Oh, qué comida más rica. Y bonita también. A diferencia de esos chefs que conciben los platos para Instagram, pero no para el estómago, en este debutante restaurante de calle Carmencita se une estética y sabor. Abierto hace poco, su cocina es realmente una alucinación. Servida en un ambiente modernillo y con un déjà vu ochentero barcelonés (o de serie de ciencia ficción británica de los setenta), el Olam —no confundir con el peruano Olán— ha sobrevivido a su parto en una época compleja. Y aunque hay detalles a corregir, y no hay mucho personal como para un día con full público (están advertidos), lo que se come es tan bueno que el resto se deja en pausa. Si se considera, además, que tienen una coctelería a precio muy razonable (rondan los $3.000) y una carta de vinos con poco castigo en sus valores, el panorama mejora aún más.
Acompañados de agua sin gas (Acqua Panna, siempre bien fría y sin hielo que le cambie de sabor) y una copa de sauvignon gris (a $3.000, otro buen síntoma), en mesas blancas y con servilletas de tela, se comenzó con los platos, que son de formato medio. Por lo mismo, se sugiere pedir y compartir, como fue este el caso. El puntapié inicial fue una fuente con vongoles ($6.000), esas almejas enanas, bañados con una salsa de cilantro y jalapeño (lo justito de picoso). Una magnífica cochinada, para la que no ofrecieron un aguamanil para después (ese fue uno de los dos minierrores). Luego llegó un cangrejo de caparazón blanda (hay, o hubo solo antes en el Karai del Hotel W), que se come con su… caparazón blanda (a $5.500), frito en tempura en este caso, servido sobre una mayonesa enchulada y una mancha de intenso bisque (ese caldo que parece mar concentrado). Fino, crujiente, distinto.

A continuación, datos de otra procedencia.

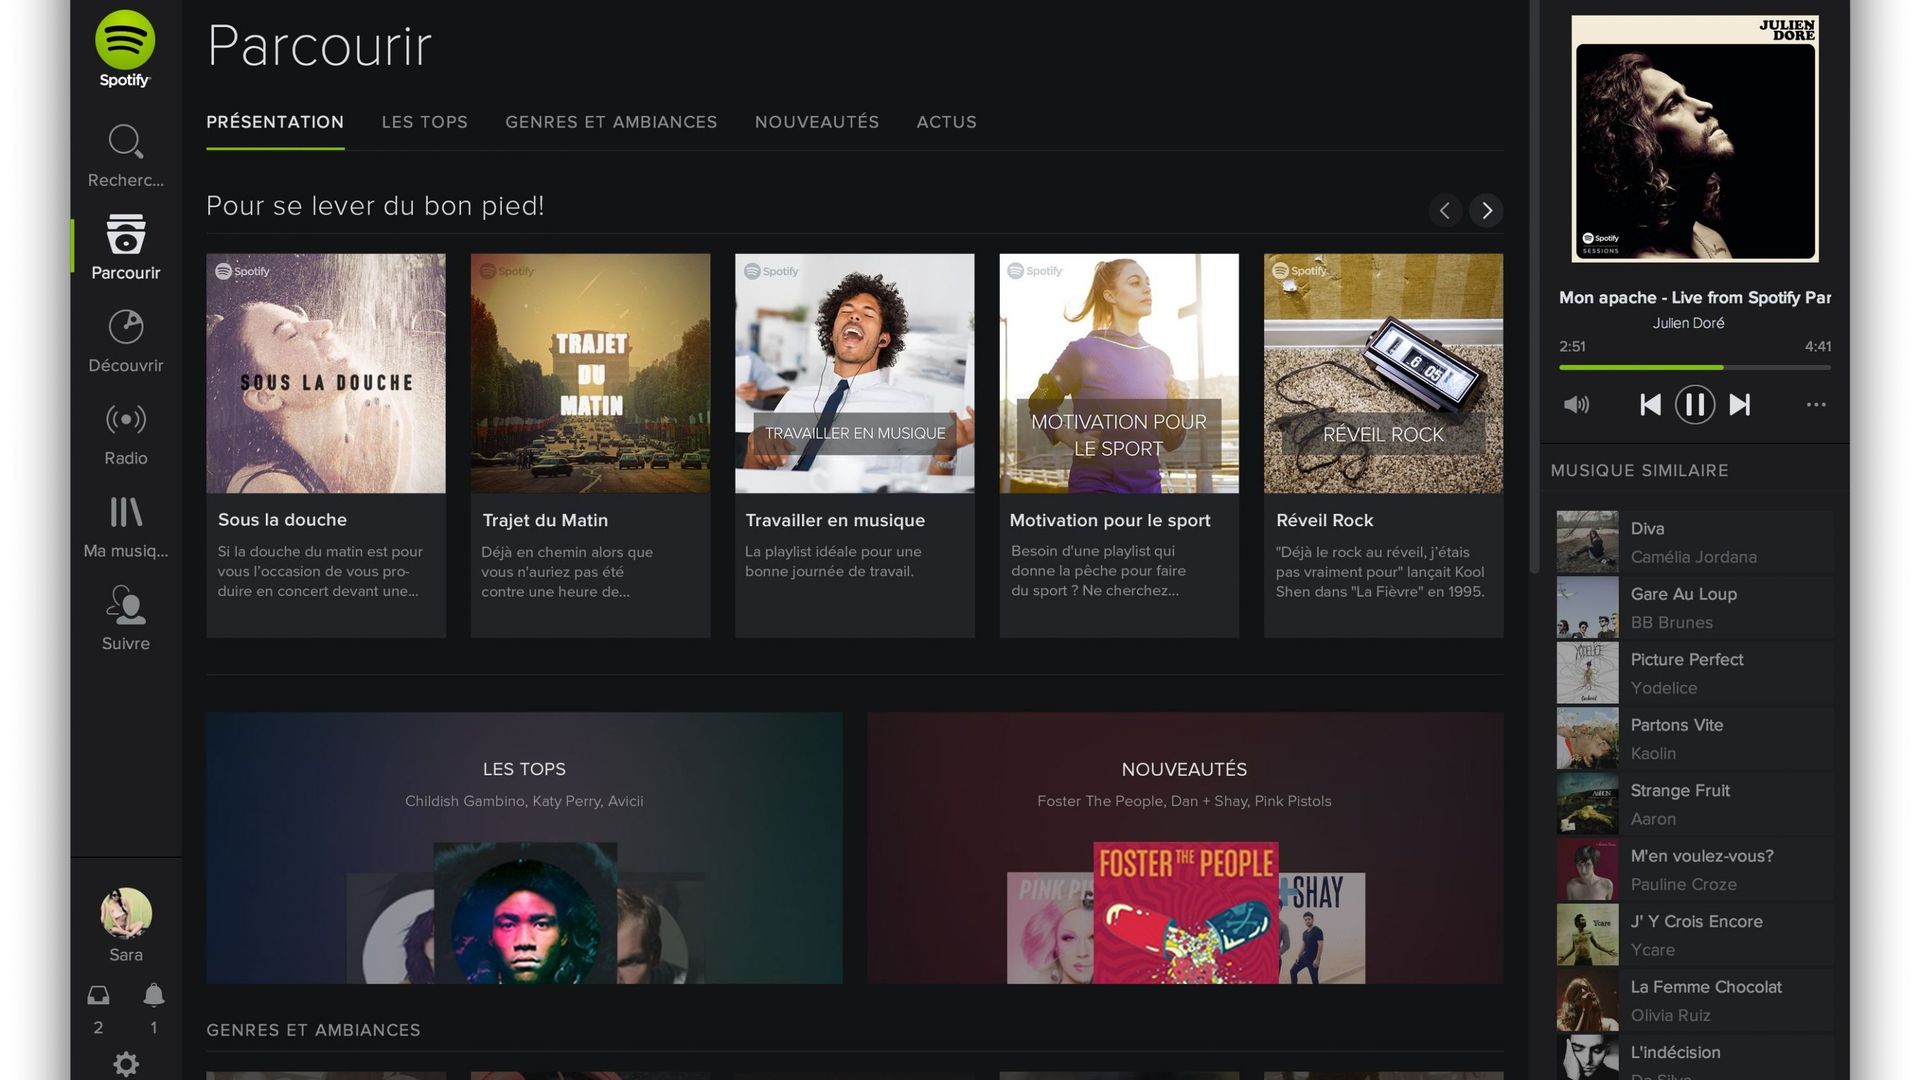 Spotify adopte un nouveau look, plus sombre

¿Cómo se pueden hacer cuatro dumplings de loco ($7.500), con una pizca de ají verde y unas florcitas (bueno, ya), rodeados de un caldo alimonado y que, al morder uno, enterito, resulte ser una experiencia gloriosa en la boca? Por suerte son dos para cada uno. Lo mismo que los katsusando ($7.500), unos sanguchitos japoneses de lomo, los que —nuevamente— son ricos y bonitos. Nada que hacer. Y para el vegetariano que nunca falta, la gloria: una buena porción de cabeza de coliflor ($8.500), hecha al carbón (ahí dice, y parece), con leche de coco y curry. Si es de los que cree que quedará con hambre, porque tampoco son megaplatos, pida este en su selección.
Para terminar, dos postres (imposible privarse). Una tarta de queso con frambuesa ($4.000), con una espumita que no aportaba mucho en sabor, hay que decirlo. Y lo mejor, como final: una nube de yogur sólido ($4.000), como sacado de película de Miyazaki, con un mix de chutney y semillas por abajito, nadando en un caldo de lychee. El café, poco intenso (ese fue el segundo pero), pero eso se corrige. El resto, lejos lo más importante, ya está: aunque los platos son lindos, uno cierra los ojos con algunos de ellos.
Carmencita 45, Las Condes. 988505660.